+++ DATA LISTING +++
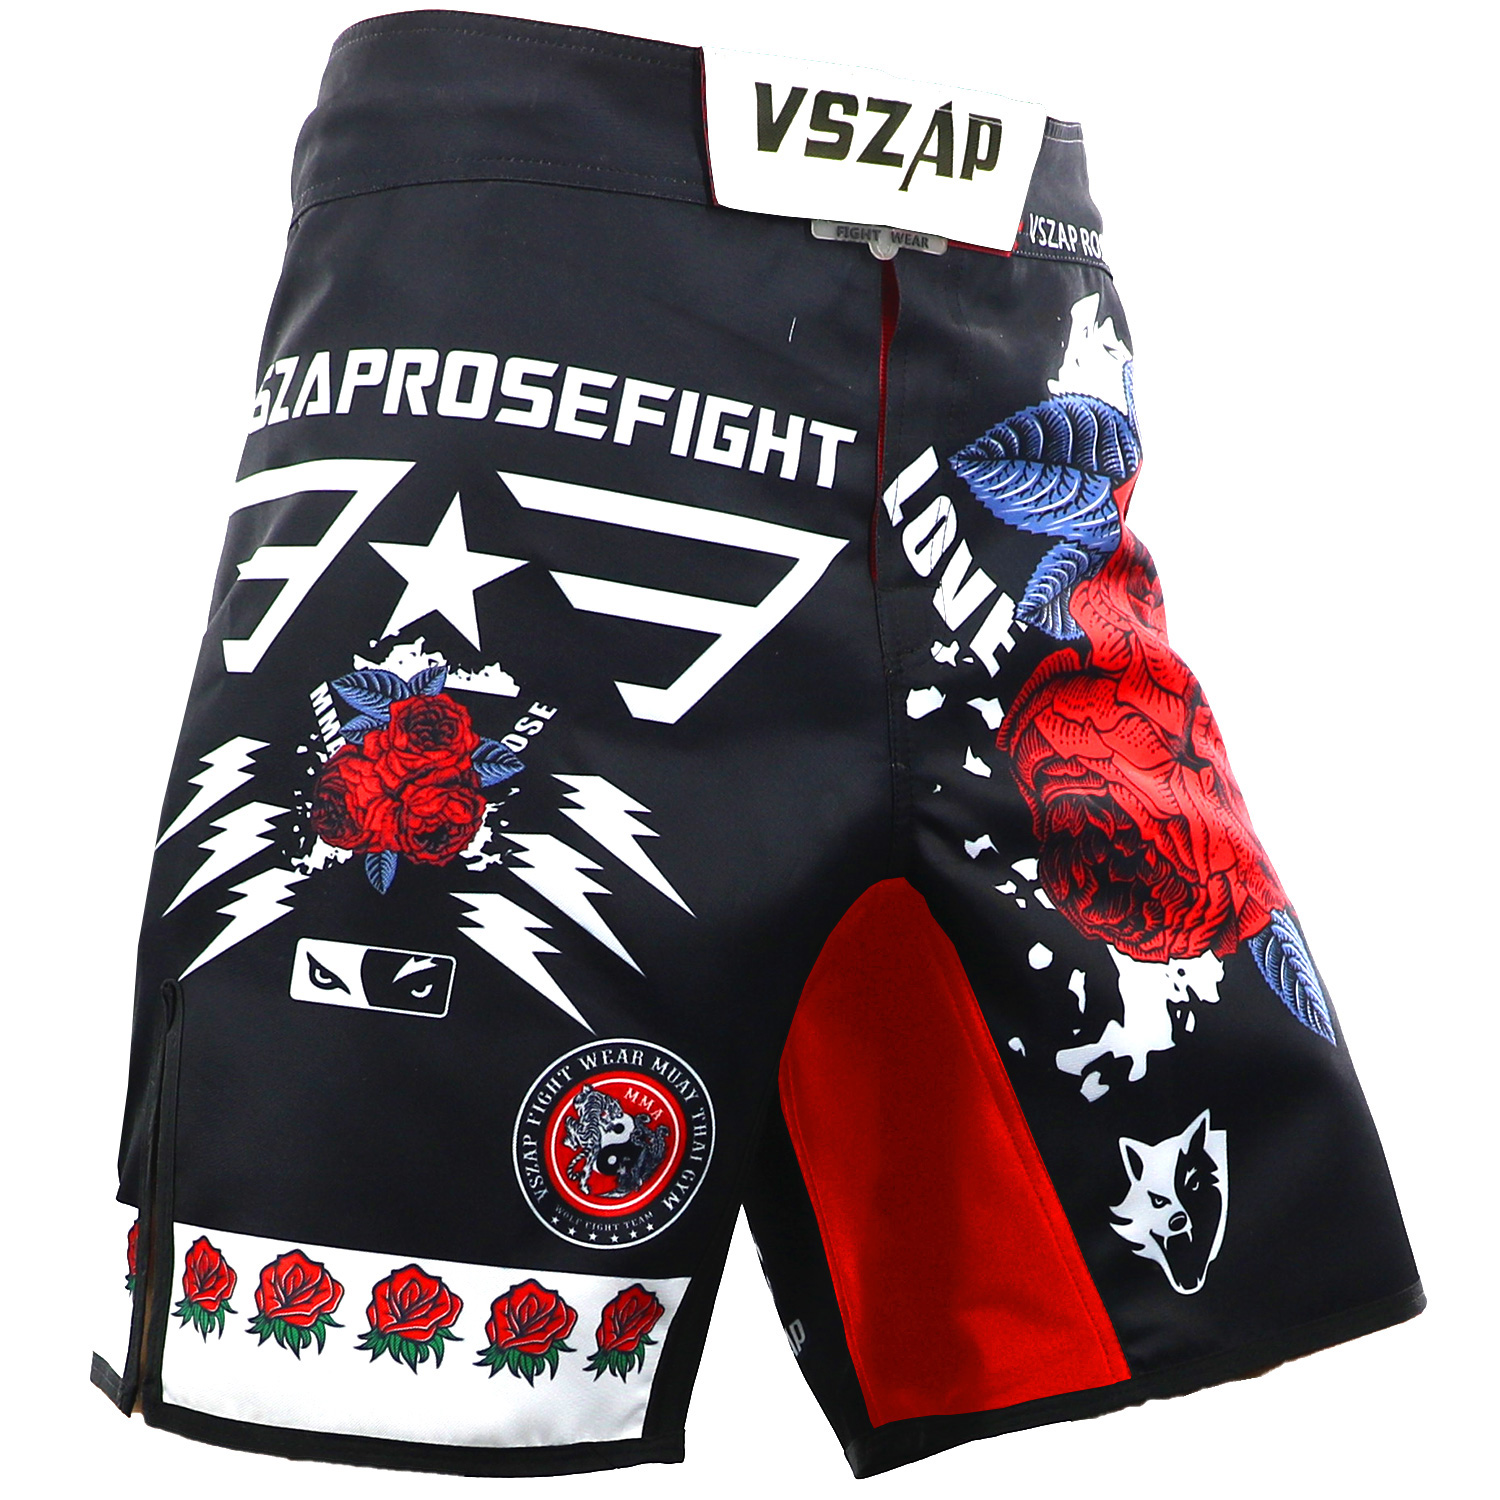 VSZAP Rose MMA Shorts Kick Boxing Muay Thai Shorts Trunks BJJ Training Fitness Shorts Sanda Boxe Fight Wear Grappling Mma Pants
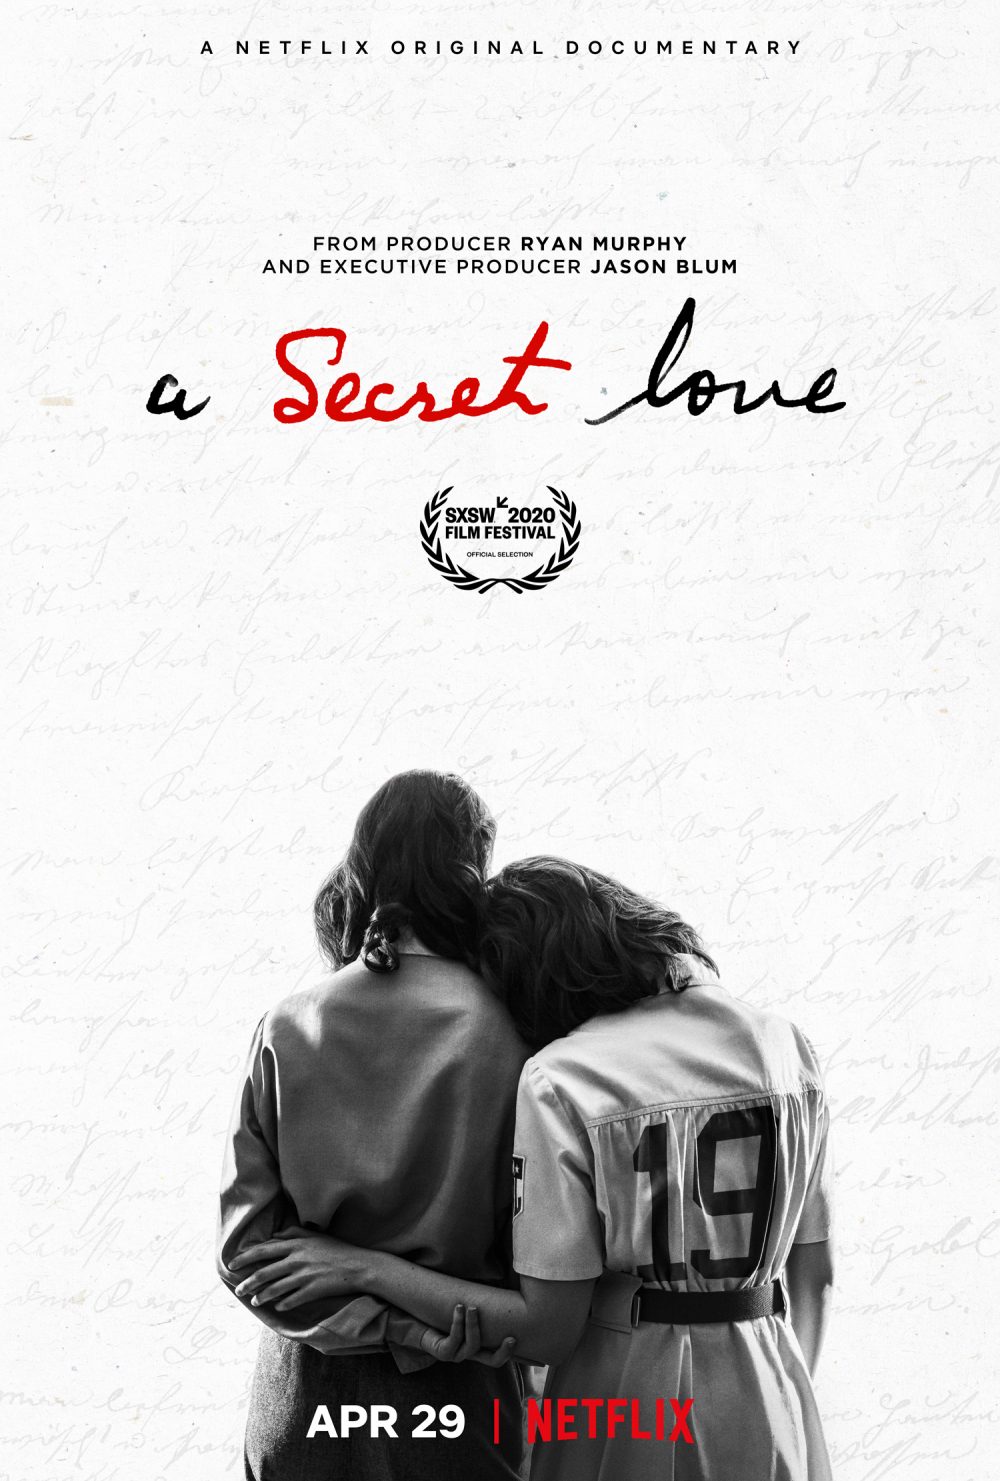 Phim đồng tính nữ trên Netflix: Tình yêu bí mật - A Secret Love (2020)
+++
+++ DATA LISTING +++
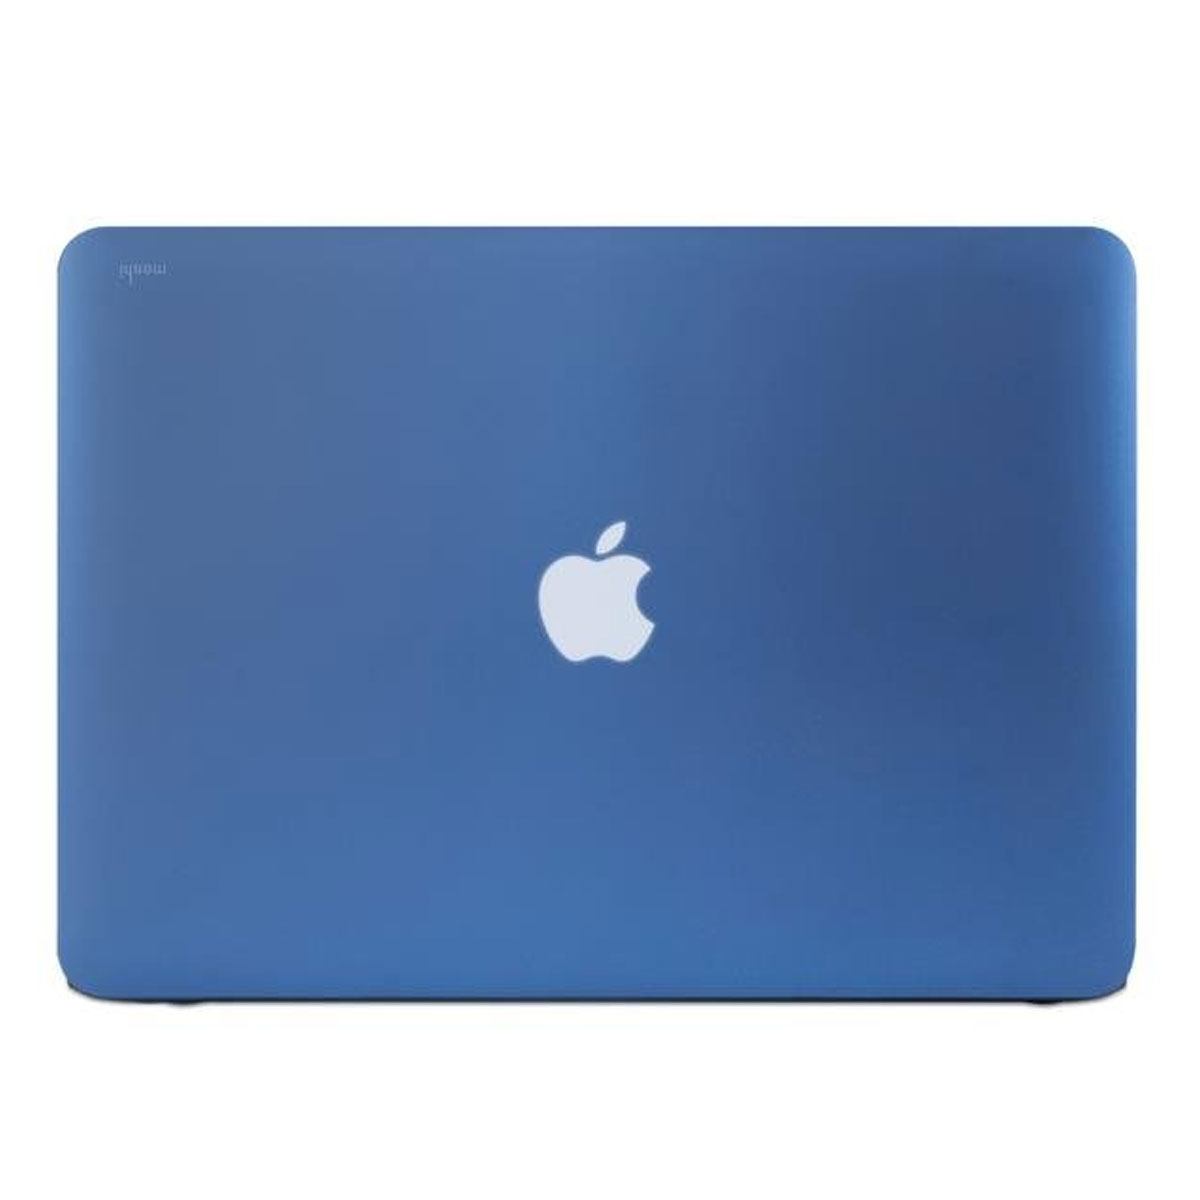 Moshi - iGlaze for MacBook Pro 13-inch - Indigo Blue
+++
▸ **WHAT THE EXERCISE ASKS**
Would you please repeat only the lines above, beginning at the one that has "VSZAP Rose MMA" and stopping after the one that has "Phim đồng tính", exactly and with no pictures?

▸ **RESULT OF THE EXERCISE**
 VSZAP Rose MMA Shorts Kick Boxing Muay Thai Shorts Trunks BJJ Training Fitness Shorts Sanda Boxe Fight Wear Grappling Mma Pants
 Phim đồng tính nữ trên Netflix: Tình yêu bí mật - A Secret Love (2020)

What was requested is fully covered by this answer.